Onto the Week 7 picks, with odds courtesy of 5dimes.com from around noon today (10/20/11):
Texans @ Titans (-3)
No Andre Johnson. The Texans are 1-2 on the road. Titans are 2-0 at home. Can you tell I’m trying to keep things simple here?
Pick: Titans
Bears @ Buccaneers (PK)
Jay Cutler’s probably not the only quarterback to ever say “f— him” about Mike Martz. Just ask Alex Smith.
Pick: Bucs
Falcons @ Lions (-3.5)
Jahvid Best suffered another concussion in the fourth quarter against the Niners, so the Lions tried to trade for Ronnie Brown, only the trade was voided because the RB they tried to deal, Jerome Harrison, was diagnosed with a brain tumor. So they effectively have no run game, and the 49ers exposed their run defense on Sunday. The Falcons, who are likely without Julio Jones for this one, have no excuse if they don’t give the ball to Michael Turner at least 20 times.
Pick: Falcons
Broncos @ Dolphins (PK)
Miami is truly terrible, and this will be a de facto home game for Denver with Tim Tebow starting.
Pick: Broncos
Redskins @ Panthers (-1)
Lost in all this Cam Newton craziness: Carolina has allowed 163 points (worst in the NFL, tied with the Colts) and they’re 1-5. But they’re a fun 1-5!
Pick: Redskins
Seahawks @ Browns (-2.5)
Seattle was thought of as one of the teams vying for Andrew Luck’s services (as long as his dad approves), and then they messed around and won a couple games. If they lose, the Niners enter Week 8 at least 3 games ahead of everyone in the NFC West. It can’t possibly be that easy this season, can it?
Pick: Seahawks*
* Reverse jinx
Chargers (-1) @ Jets
The Chargers’ record is 4-1. Pretty impressive. Their four wins were against the Vikings, Chiefs, Dolphins and Broncos … by a combined 25 points. Not quite as impressive.
Pick: Jets
Steelers (-3.5) @ Cardinals
This line shows how far Pittsburgh has fallen this year.
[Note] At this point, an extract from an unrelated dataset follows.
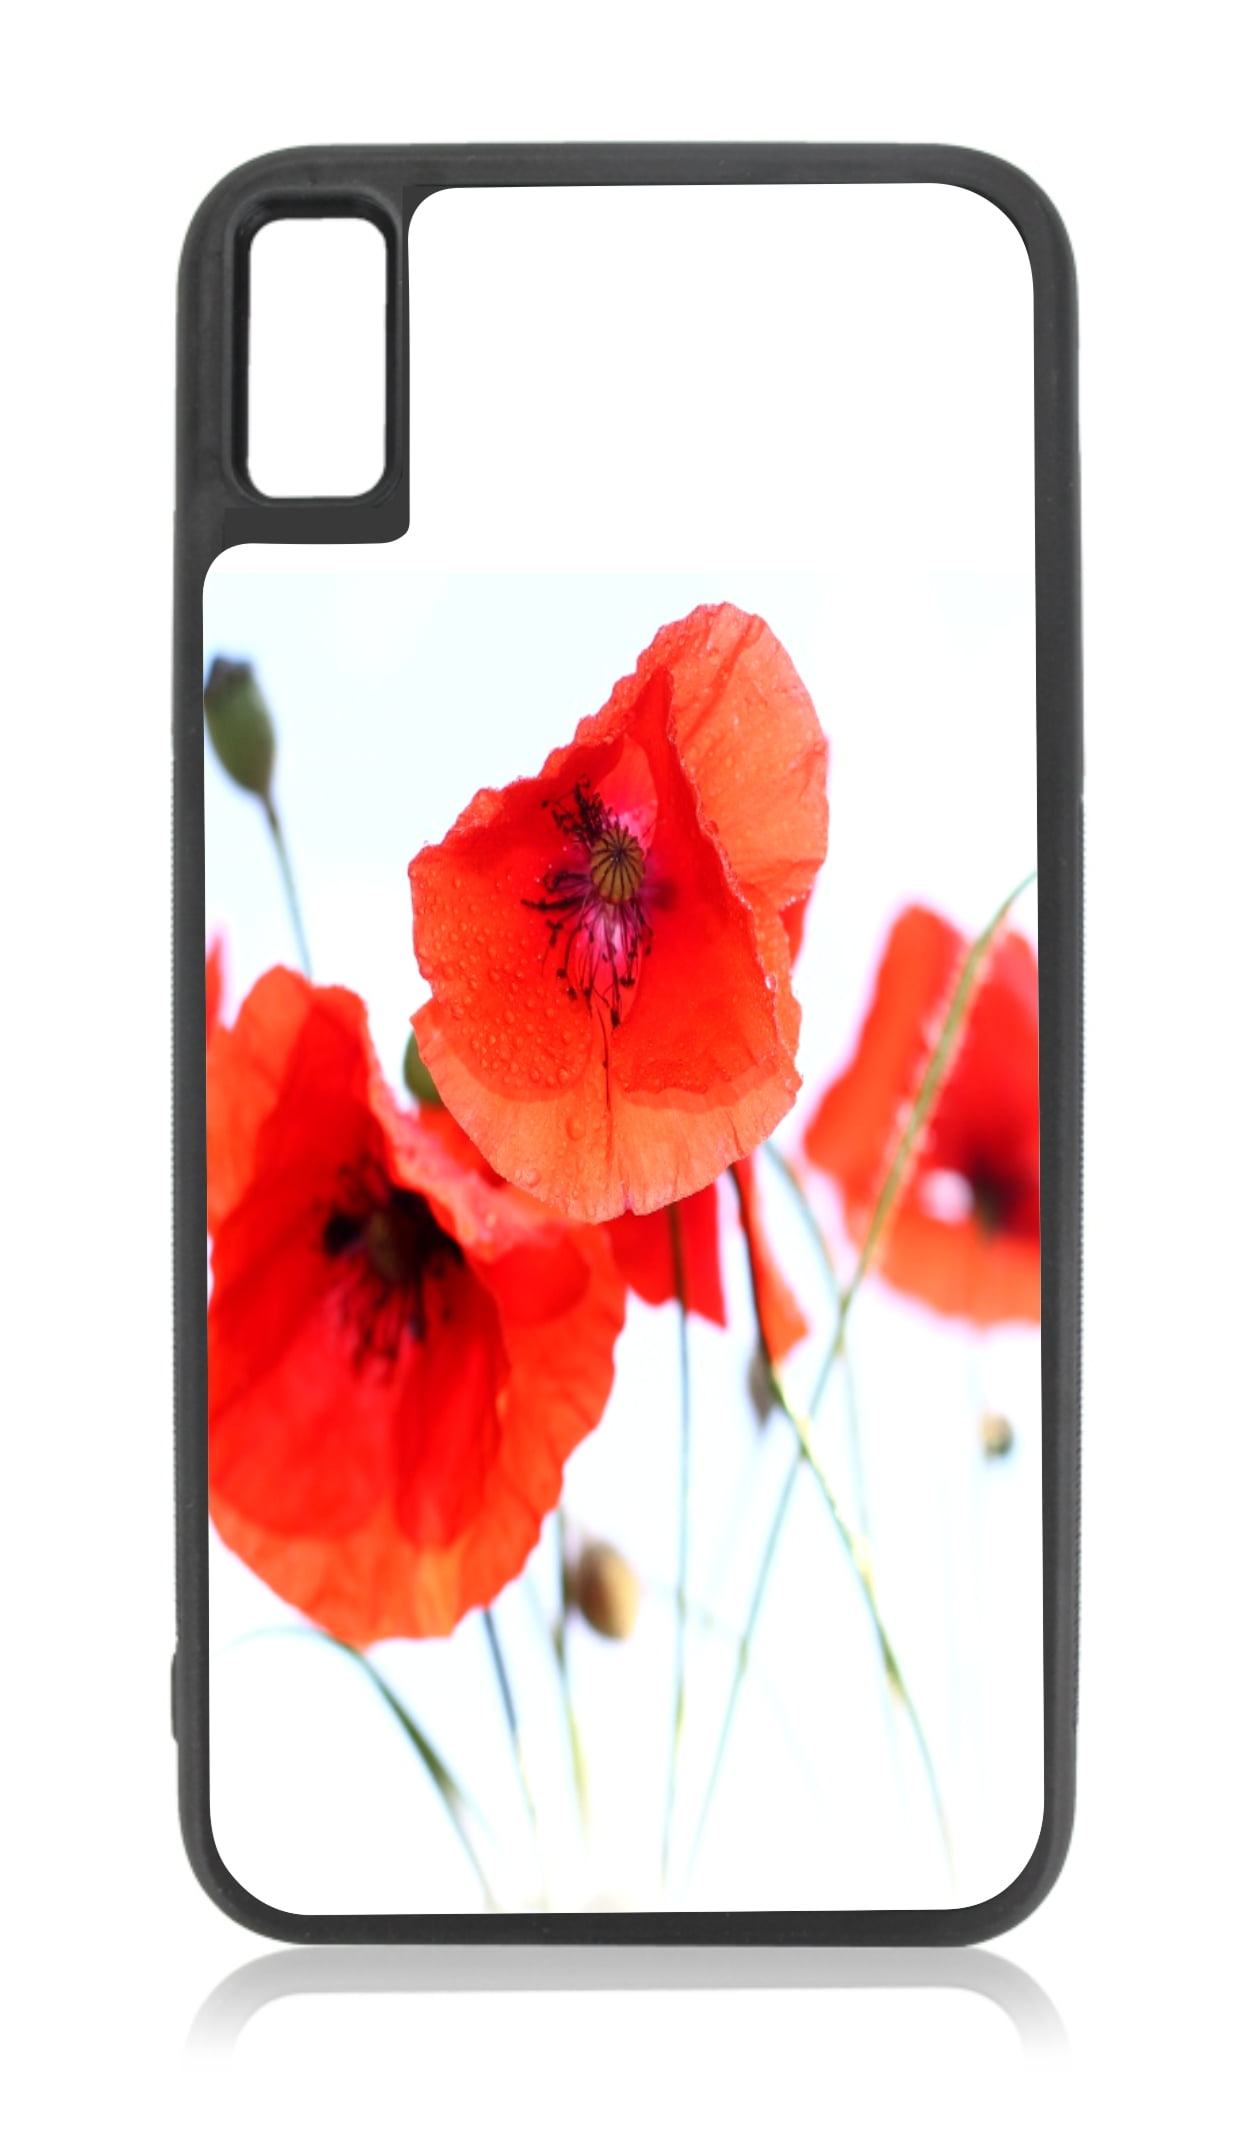 Red Poppy Flowers Iphone X Floral Case Iphone 10s Flower Case Black Rubber Case Cover For The Apple Iphone 10 Iphone X Iphone Xs Iphone 10 Case

Arizona’s defense is terrible, though.
Pick: Steelers
Rams @ Cowboys (-14.5)
A.J. Feeley’s going to start, because Sam Bradford has a high ankle sprain (or maybe he’s in full suck-for-Luck mode in hopes that he’ll get traded after the season). You know, it’s too bad the Rams aren’t playing the Cardinals. It would be the battle-of-all-battles between former backup quarterbacks for the Eagles.
Pick: Cowboys
Packers (-10) @ Vikings
The only reason this line isn’t higher is because the Vikings recently became the third team in three years to realize Donovan McNabb isn’t a starting QB anymore.
Pick: Packers
Colts @ Saints (-15.5)
This Sunday night game is like the NFL’s early Christmas present to MLB. “Enjoy the slight bump in ratings for your cute little World Series, guys!”
Pick: Saints
Ravens (-9) @ Jaguars
Bet the under. Or don’t, it doesn’t really matter. Maybe Ron Jaworski will curse again and make this game interesting.
Pick: Jaguars
Chiefs @ Raiders (-4)
The Raiders definitely aren’t impressing the oddsmakers yet. They traded for Carson Palmer, who hasn’t played a down this season, and made him the starter immediately. An emotional letdown for the might not be around the corner, but nobody would blame them if that ended up occurring.
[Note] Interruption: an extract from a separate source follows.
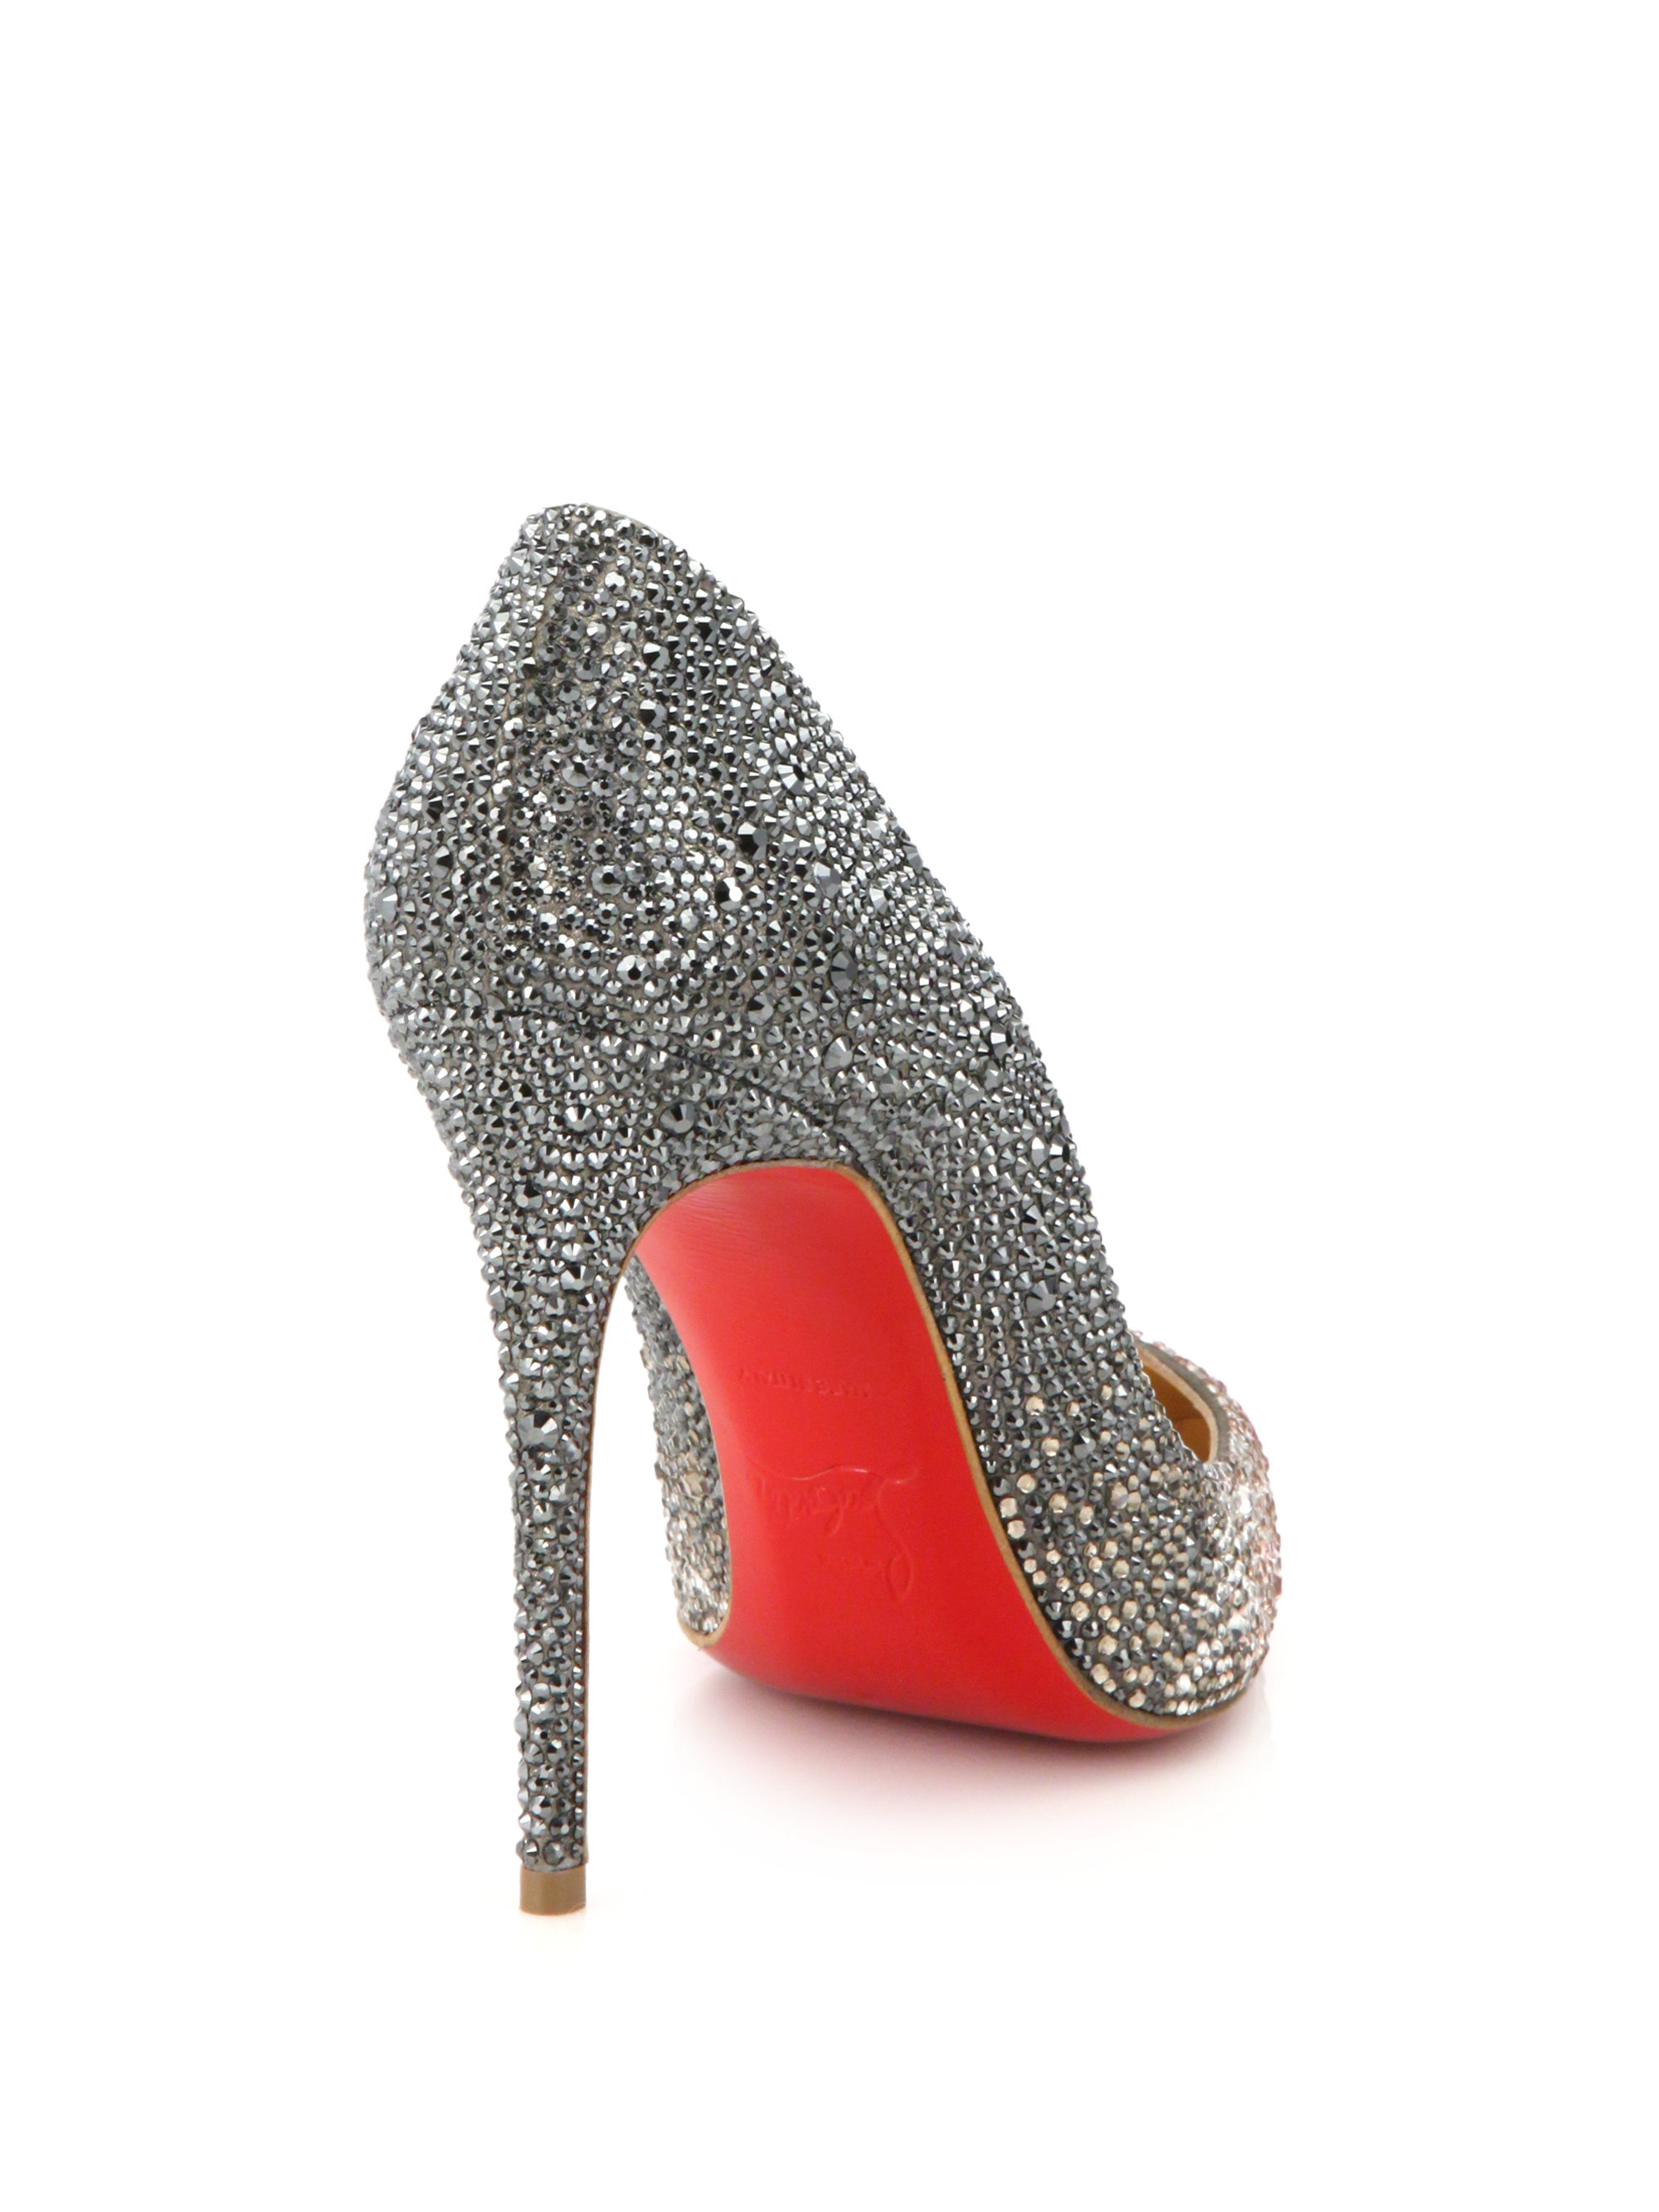 Christian louboutin Pigalle Ombr Crystal-Embellished Pumps in ...

However, the Chiefs are an absolutely fraudulent 2-3. They lost their first two games to the Bills and Lions by a combined score of 89-10. Then they lost by 3 to San Diego before beating the Vikings and Colts. K.C. isn’t on the rise, and even in lean years the Coliseum crowd gets a bit louder when the Chiefs are in town. They’ll have plenty to cheer about on Sunday.